Sheldon Bernard Chase, 22, was captured in Washington state Wednesday after a multi-state manhunt and made an initial appearance before a judge Thursday. He’s accused of killing his grandmother, cousin and cousin’s boyfriend at their rural home last Tuesday. A 3-year-old child witnessed the killing of three people in a remote area of Montana’s Crow Indian Reservation and named a family member as the shooter, according to an FBI affidavit.
The violence inside a prominent Crow family known for its adherence to traditional tribal values has roiled the reservation south of Billings.
Chase suffers from mental illness, according to authorities and those who know him.
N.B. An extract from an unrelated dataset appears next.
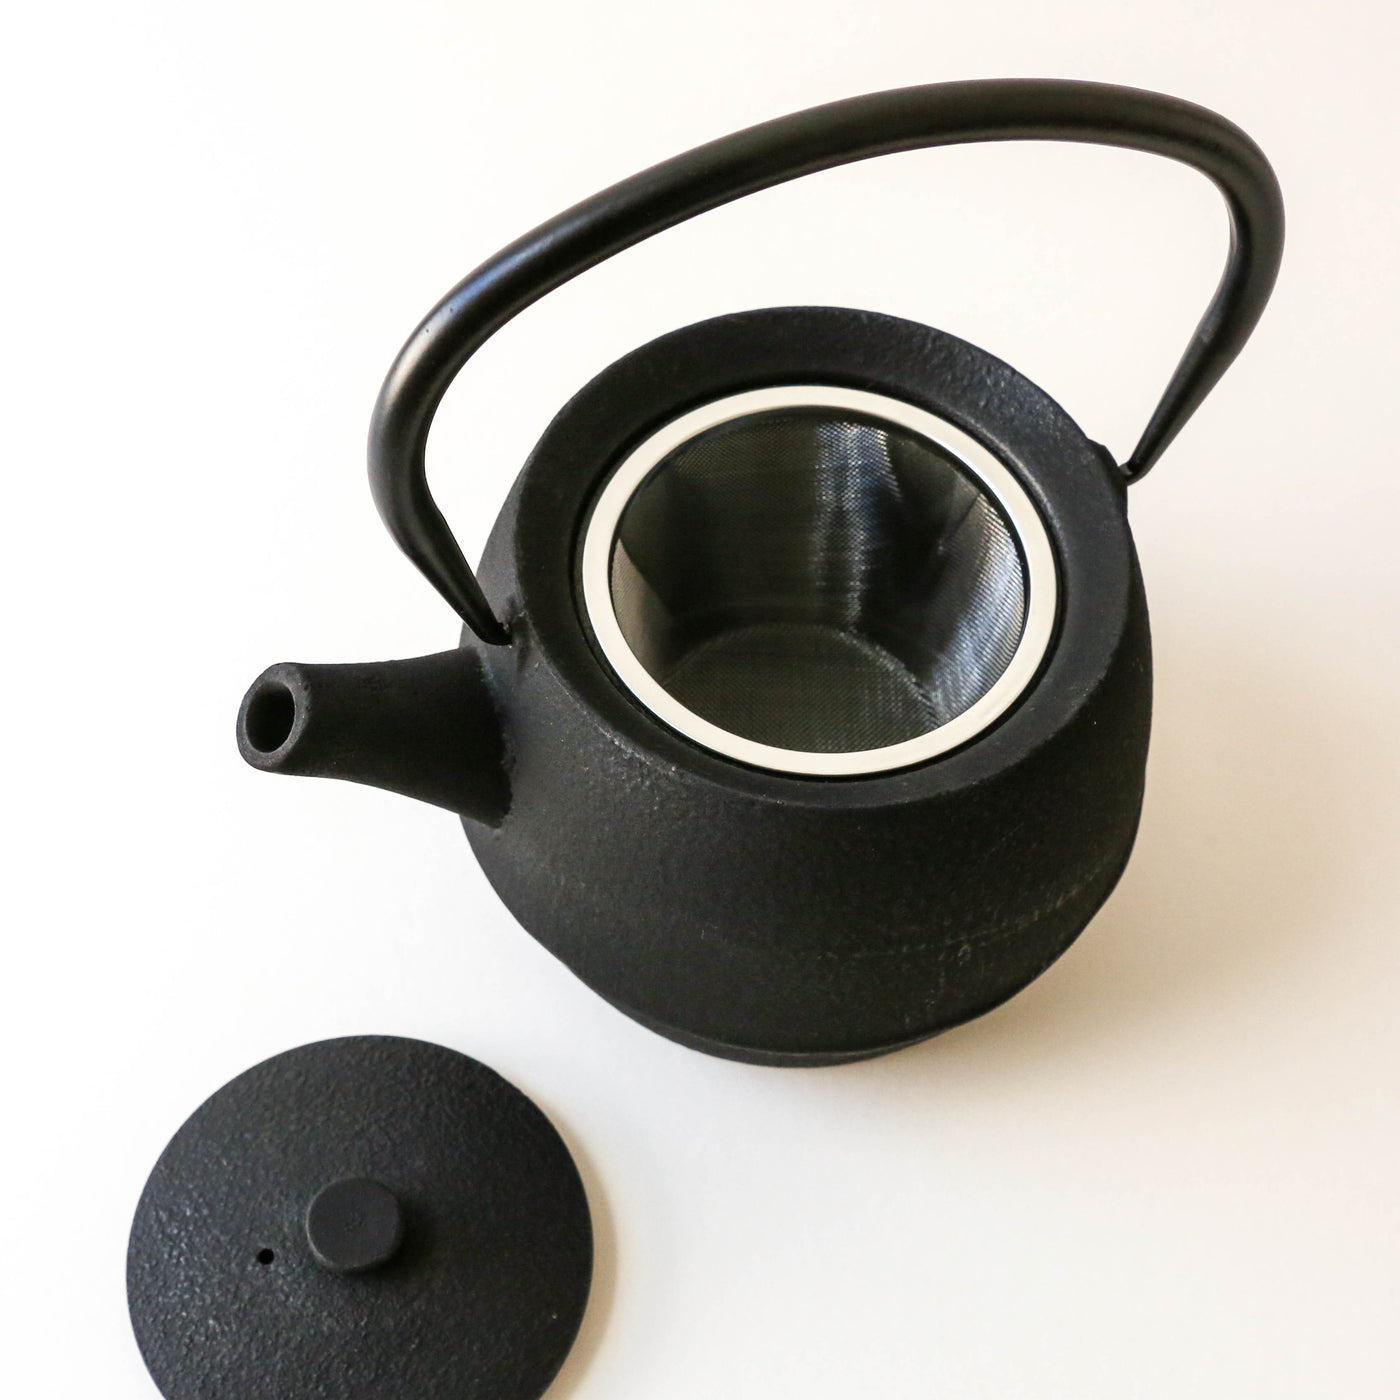 Black Cast Teapot

The affidavit said Chase had stopped taking his medications prior to the shootings. A day before the shootings, he left his mother’s house on North Dakota’s Fort Berthold Reservation taking with him a “Sitting Bull commemorative gun,” according to the affidavit.
Shortly before noon Tuesday, Chase’s 21-year-old cousin, Levon Driftwood, sent a text saying Chase had made it to the Crow Reservation, where he had been attending college and living with extended family in a small cluster of houses about 10 miles outside Lodge Grass. Driftwood and boyfriend Ruben Jefferson had two-year-old and three-year-old sons, and the affidavit indicates two children were home when Chase arrived.
Within minutes, a fight ensued between Chase and Driftwood’s boyfriend, Rueben Jefferson. Chase shot Jefferson, Cummins and Driftwood, and was seen by a neighbor driving away from Cummins’ house at 12:10 p.m.
“During an interview of one child, age 3 years, he disclosed Chase and RCJ (Jefferson) were fighting and Chase shot RCJ. The child further stated Chase also shot GSC (Cummins) and LFD (Driftwood),” the affidavit stated.
His capture Wednesday afternoon in Spokane followed a manhunt that stretched from the rugged Crow countryside across much of the northern U.S. Chase was arrested without incident near the Spokane Valley Mall, more than 600 miles west of Lodge Grass, by a team of federal and local law enforcement officers.